Search code examples
clinuxprofilingperf

perf_event_open - limit when monitoring multiple events


Does anyone know if there is a limit to the number of PERF_TYPE_HARDWARE events that we can monitor in a single group PERF_FORMAT_GROUP?

I am attempting to monitor multiple events and I am finding that I am able to monitor 5 events, but when I add a 6th hardware event the values of all registered events do not get updated.

struct read_format {
  uint64_t nr;          /* The number of events */
  struct {
    uint64_t value;     /* The value of the event */
    uint64_t id;        /* if PERF_FORMAT_ID */
  } values[nr];
};

int main() {
  struct perf_event_attr attr1;
  attr1.type = PERF_TYPE_HARDWARE;
  attr1.config = PERF_COUNT_HW_CPU_CYCLES;
  attr1.read_format = PERF_FORMAT_GROUP | PERF_FORMAT_ID;
  int main_fd = syscall(__NR_perf_event_open, &attr1, 0, -1, -1, 0);
  uint64_t id1;
  ioctl(main_fd, PERF_EVENT_IOC_ID, &id1);
  ioctl(main_fd, PERF_EVENT_IOC_RESET, 0);
  ioctl(main_fd, PERF_EVENT_IOC_ENABLE, 0);

  struct perf_event_attr attr2;
  attr2.type = PERF_TYPE_HARDWARE;
  attr2.config = PERF_COUNT_HW_CACHE_REFERENCES;
  attr2.read_format = PERF_FORMAT_GROUP | PERF_FORMAT_ID;
  int fd2 = syscall(__NR_perf_event_open, &attr2, 0, -1, main_fd, 0);
  uint64_t id2;
  ioctl(fd2, PERF_EVENT_IOC_ID, &id2);
  ioctl(fd2, PERF_EVENT_IOC_RESET, 0);
  ioctl(fd2, PERF_EVENT_IOC_ENABLE, 0);

  /*
  commenting out attr3 through attr 7. They are the same as attr2 except the following config:
  attr3.config = PERF_COUNT_HW_CACHE_MISSES;
  attr4.config = PERF_COUNT_HW_BRANCH_MISSES;
  attr5.config = PERF_COUNT_HW_BUS_CYCLES;
  attr6.config = PERF_COUNT_HW_STALLED_CYCLES_FRONTEND;
  attr7.config = PERF_COUNT_HW_STALLED_CYCLES_BACKEND;
  */

  // read_values and log "START"

  // action

  // read_values and log "END"

  return 0;
}

read_values() {
  char buffer[4096];
  int read_bytes = read(main_fd, &buffer, sizeof(buffer));
  if (read_bytes == -1) { return 1; }

  struct read_format* rf = (struct read_format*) buffer;
  int values[rf->nr];
  for (int i=0; i<rf->nr; i++) {
    values[i] = rf->values[i].value;
  }
}

In the above code, all logged values at "START" and "END" have been updated when I only open perf events for attr1 - 5. However, when I attempt to open perf events for 6 events (or all 7 hardware events), all logged values at "START" and "END" remain the exact same.

I am able to get values of all 7 events if I read each one directly: int fd2 = syscall(__NR_perf_event_open, &attr2, 0, -1, -1 /*!!instead of main_fd!!*/, 0);, then performing a read() on each fd.
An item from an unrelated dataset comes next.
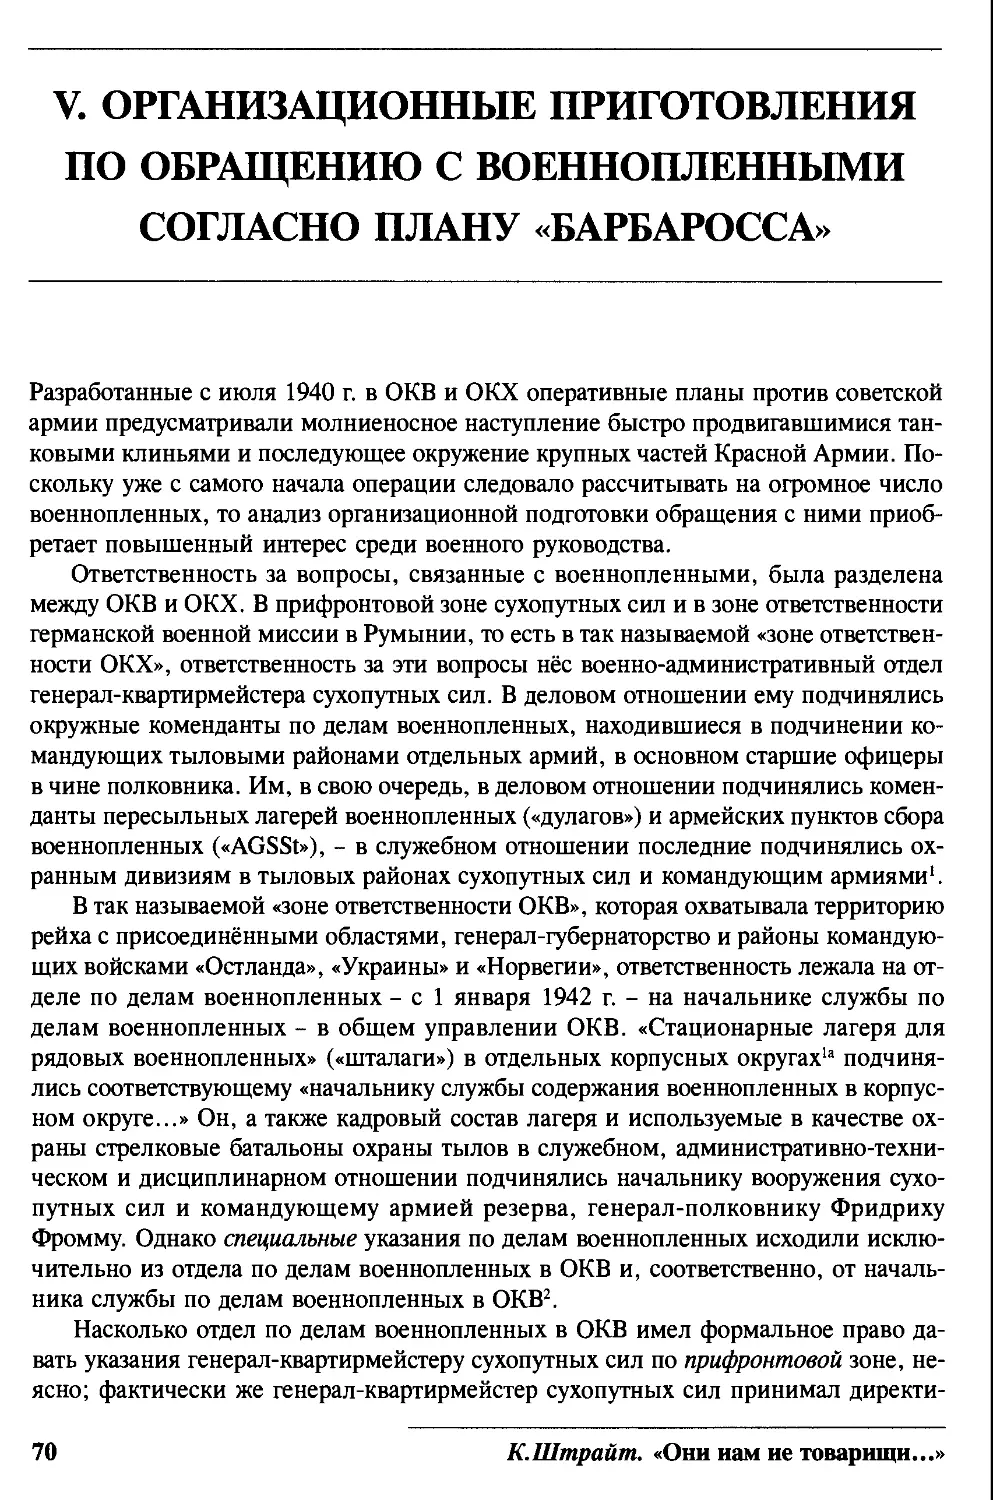 V. Организационные приготовления по обращению с военнопленными согласно плану «Барбаросса»

But to reduce the number of read calls I'd prefer to read from the main_fd and grab the values from there. Is there a limit to the number of hardware events that can be captured in a single PERF_FORMAT_GROUP? I've noticed if the 6th and 7th events are software events that I don't see this issue.


Solution

  • Figured I'd post an answer to my own question as I went down the rabbit hole and came across this post. Per the "Event Groups" section:

    The number of available performance counters depend on the CPU. A group cannot contain more events than available counters. For example Intel Core CPUs typically have four generic performance counters for the core, plus three fixed counters for instructions, cycles and ref-cycles. Some special events have restrictions on which counter they can schedule, and may not support multiple instances in a single group. When too many events are specified in the group some of them will not be measured.